The best thing we could do for the worlds poor would be to unilateraly and unconditionally drop trade barriers.

 
At Thursday, May 15, 2008 at 1:51:00 PM PDT, Anonymous Ker said...

JD, are you taking into consideration world population growth and automobile industry expansion?
If resource suply increased by 5% but demand by 10% you have got 5% deficit. A chart of supply line going up may be tricky without accounting the demand!
JD lives a frugal lifestyle, and thats ok for him, he can write about how peak oil will not affect him. Good.
(for him)
But lets check out this simple essencials:
- ENERGY is needed for LIFE.
- The energy comes from resources
- A decrease in resources impacts quality of life in direct proportion: LESS ENERGY available => LOWER quality of LIFE.
What if black holes are energy demands for giant civilizations ??? (ups, sorry, out of the subject)
Peak now, or peak in 5 years, peak oil will happend. Peak gas will happend. Peak nuclear will happend. I don't know when, but it will. That's unquestionable, thats physics laws. And when it will, we are going to drive less, work harder, and all this projections already made.
So are we going to talk here that TODAY is not the peak oil when many of the large oil deposits peaked? Ok. I agree, lets talk about it. However, this doesn't mean that peak oil can not happend TOMORROW.
And this doesn't mean we can keep living as we are, delaying the enevitable end of the last drop of oil. If you are prepared, you're going to have better quality of life.

 
At Thursday, June 5, 2008 at 12:18:00 PM PDT, Blogger Shane said...

OK, I'm sorry to bring back an old thread, but...

Green with a Gun said something I feel the need to comment on.

"If there were more than enough conventional crude oil, then there'd be very little demand for biofuels. So that peak oil or excess demand on plateaued supply puts pressure on the food supply through increased demand for biofuels. It's a second order effect, but is nonetheless an effect. "

You start from a false premise. Your assumption is that the reason for interest in biofuels is because of supply. That is incorrect. The reason is due to high petrochemical prices, which is assumed to be a supply and demand issue (and that is debatable.)

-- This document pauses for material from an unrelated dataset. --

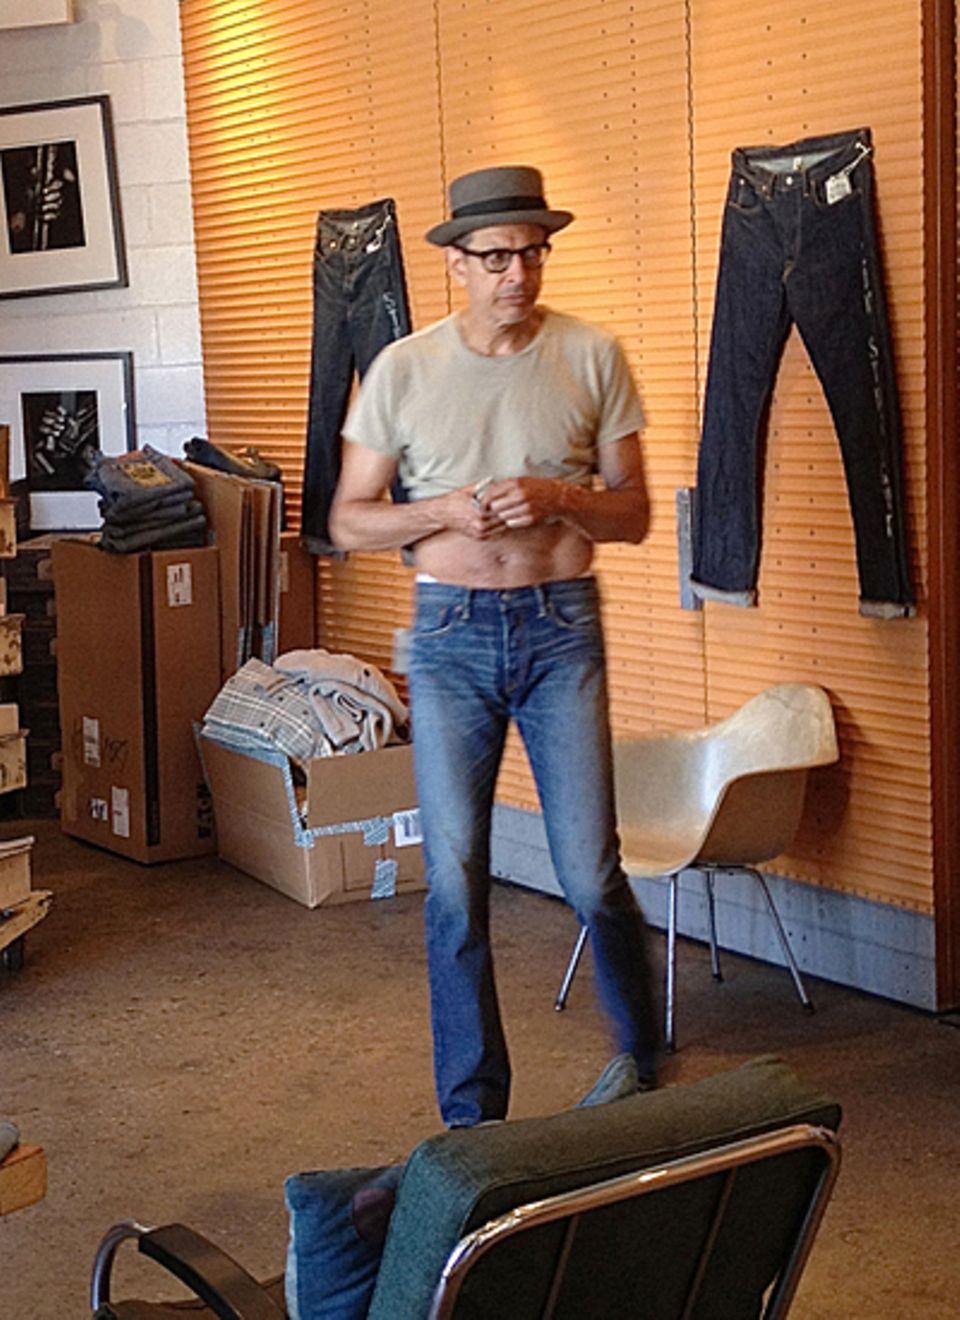 9. Juli 2012: Jeff Goldblum macht in Los Angeles die Klamottenläden unsicher, um sich eine neue Jeans zu kaufen.

And ker, don't be a douche. Great attempt at a troll, but while petrochemicals are a source of energy, they are not THE SOLE SOURCE of energy. At least you seem to mostly agree with the rest of us on most of this. Your comment makes me think you seem to believe you're in disagreement, but the funny thing is that you're not!

 
At Friday, June 13, 2008 at 6:00:00 PM PDT, Anonymous morgondag said...

Speculation and factors like biofuels and input costs (fertilizer, tractor fuel etc) are not mutualy exclusive. Indeed I think they are mutually reenforcing. I.e., speculators invest in food in part because they belive food is bound to go up becuase of those factors.